The story in a nutshell: After attempting to throw himself in front of a train called the Sunset Limited, White is taken back to the rundown slum apartment of his savior Black, an ex-con and murderer who has found God and now works as maintenance man when he’s not skipping work to do good deeds. White is a depressed atheist with no faith in God or his fellow man. Black is a textbook example of an American entertainment stereotype commonly described (and not without controversy) as the “magical negro.”
Black came from out of nowhere to save White, who swears he looked to make sure the platform was empty before attempting to take his his own life, and there’s some slight suggestion that Black might be an angel. Later in the “play” Black accurately and unbelievably pulls off a Kreskinesque mentalist stunt by writing down what White is going to say before he says it, leaving White— and the audience— to wonder “how?” In addition to these seemingly magical feats, this older, unrelentingly wise, and uncommonly cheerful ex-con does what he can to bring his lost brother White back into the brotherhood of man.
After my first brush with Sunset, a story that suggests that academic learning might separate us from emotional learning, and the childlike acceptance that helps us find God, all I wanted to do was sit down with McCarthy and watch Preston Sturges’ film Sullivan’s Travels.
In Sullivan’s Travels Joel McCrea plays an educated and optimistic young screenwriter who thinks Hollywood movies are too shallow and should show Americans the depth and breadth of human suffering. After a series of unfortunate events that result in false imprisonment and hard labor this bright optimist comes to understand, without ever having to explain, that Disney is its own kind of opiate, and for those who suffer, as merciful as Morphine. Or religion. Or whatever gets you through the rough patches, soul intact.

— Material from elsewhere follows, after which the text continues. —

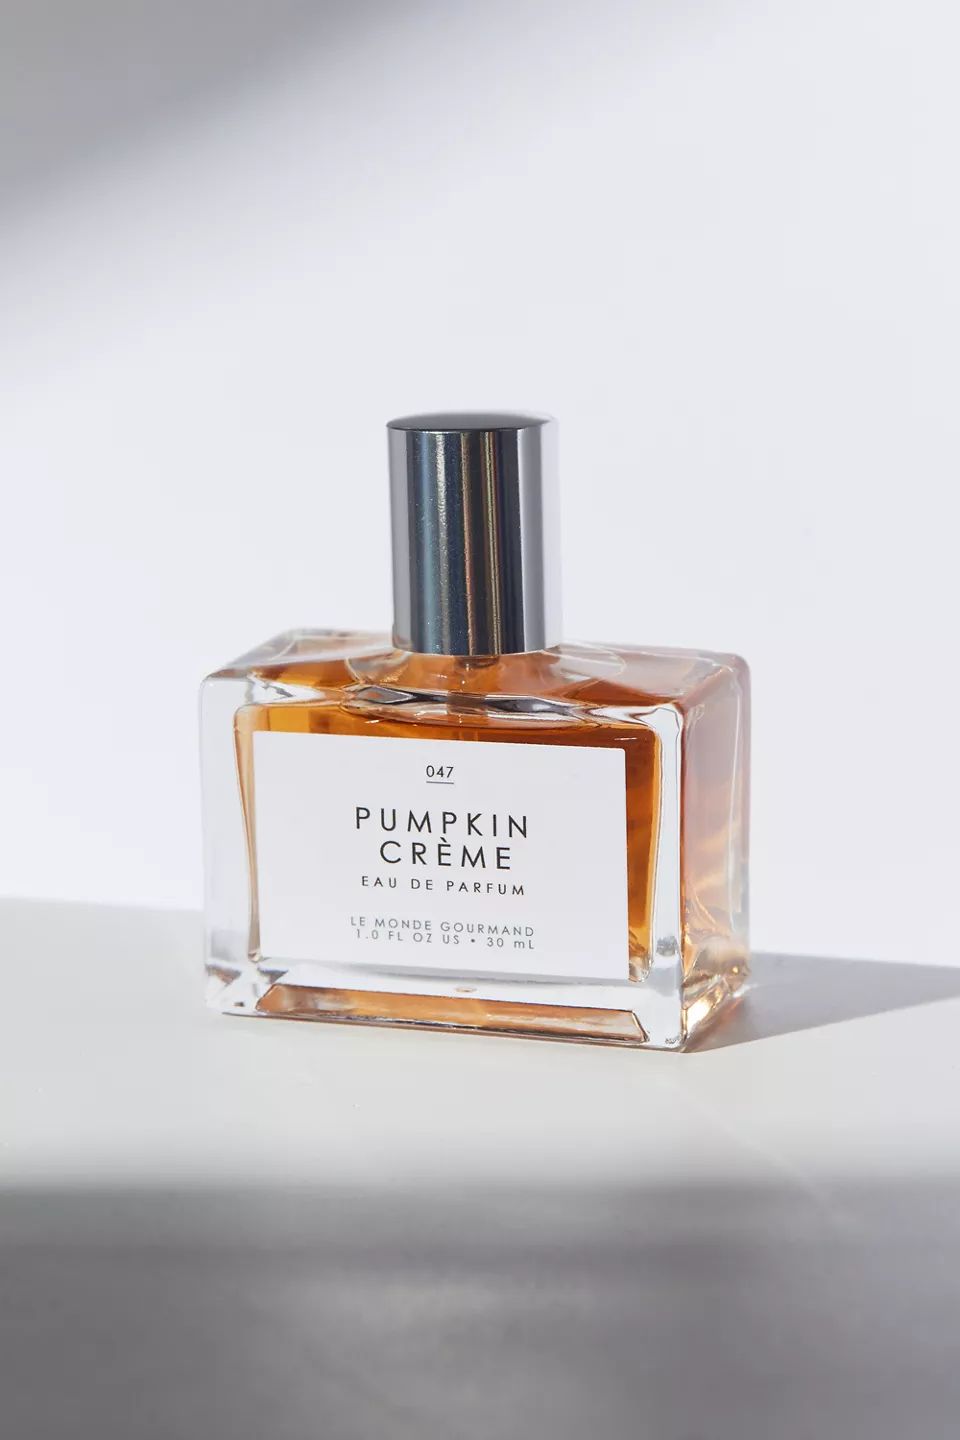 Pumpkin Creme Le Monde Gourmand perfume - a fragrance for women and men

Unlike Sunset, Sullivan’s Travels is a film that, while not blind to race, or religion, puts these hot topics in supporting roles. When McCrea and his fellow prisoners encounter Disney, it’s during “movie night” at a black pentecostal church, where the pastor cautions his congregation not to make the prisoners feel unwelcome. It is, perhaps, a more Jesus-like way to share faith, and in terms of entertainment, a lot less tedious than this more-contemporary phenomenon where older black characters are Bible wizards directly connected to the supernatural.
I use Sullivan’s Travels as a point of comparison because it also helps us to see some things that McCarthy may have gotten right, critical reception notwithstanding. Unlike other similarly heady and equally inactive works by authors like Beckett and Sartre— works whose dramatic qualities have also been scrutinized— there’s nothing alienating about the setting or the language of Sunset Limited. In that regard maybe it’s a working class Godot with one character stuck on the line “Why don’t we hang ourselves.”

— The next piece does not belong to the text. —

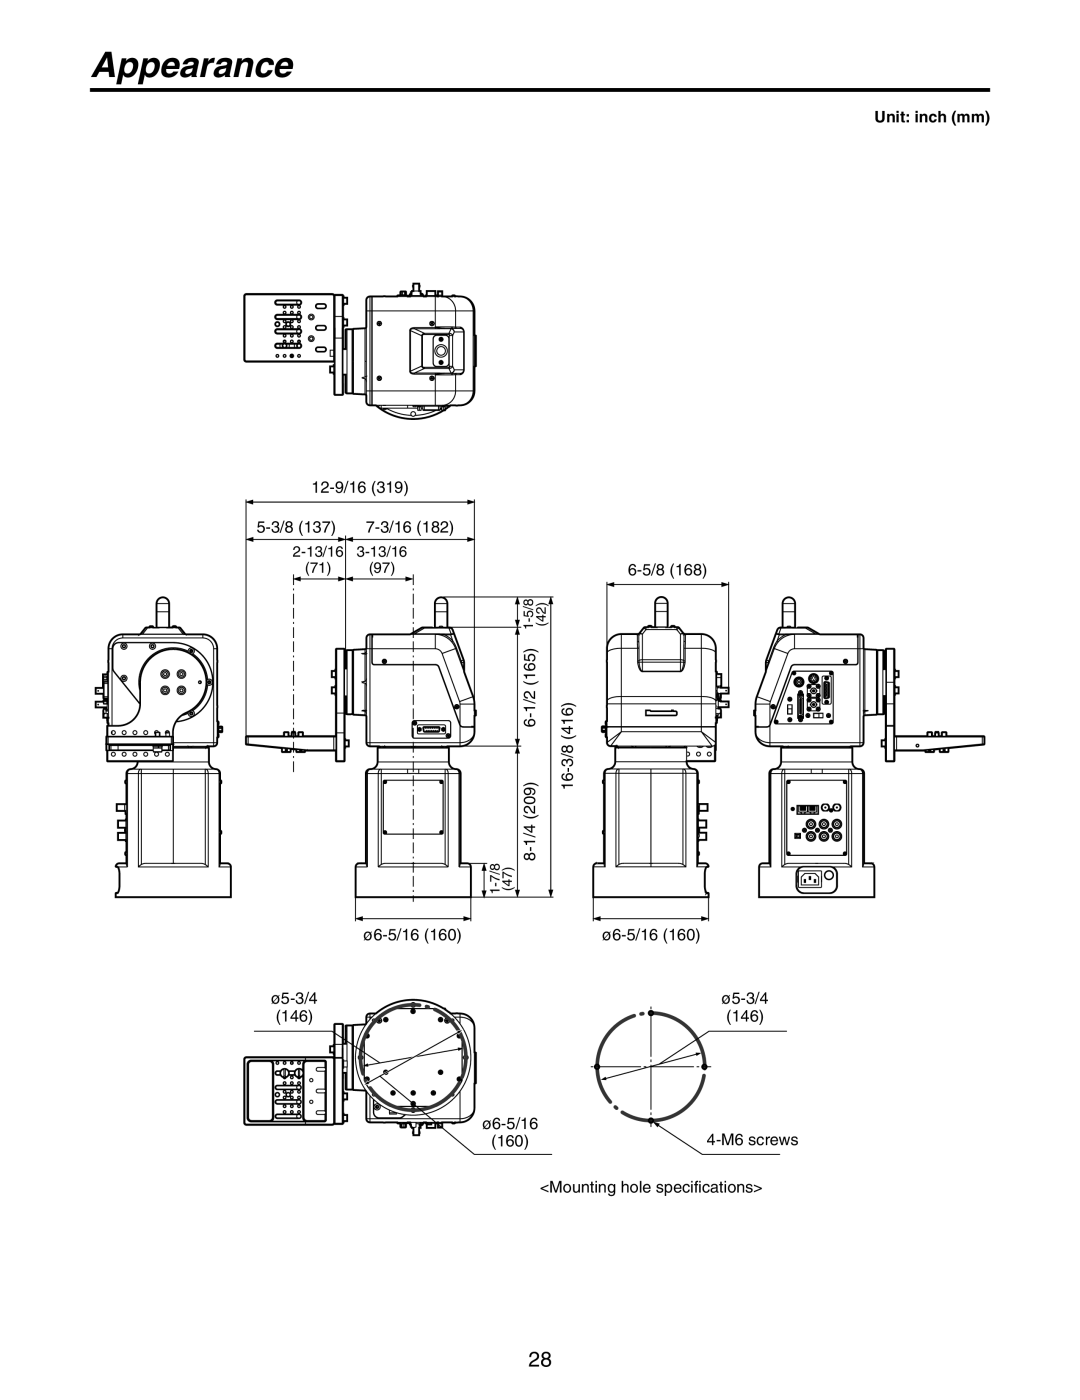 Panasonic AW-PH405N manual Appearance, Unit inch mm

In short, for all of its obvious problems, and its potential to plunge headlong into cliche, Sunset Limited deserves a fair shake. The opportunity to see two excellent actors read through it live only highlights the fact that this isn’t that. But it could be.
I’m grousing, not dismissing. This isn’t a bad night of theater. But to minimize disappointments, you need to know exactly what you’re getting into.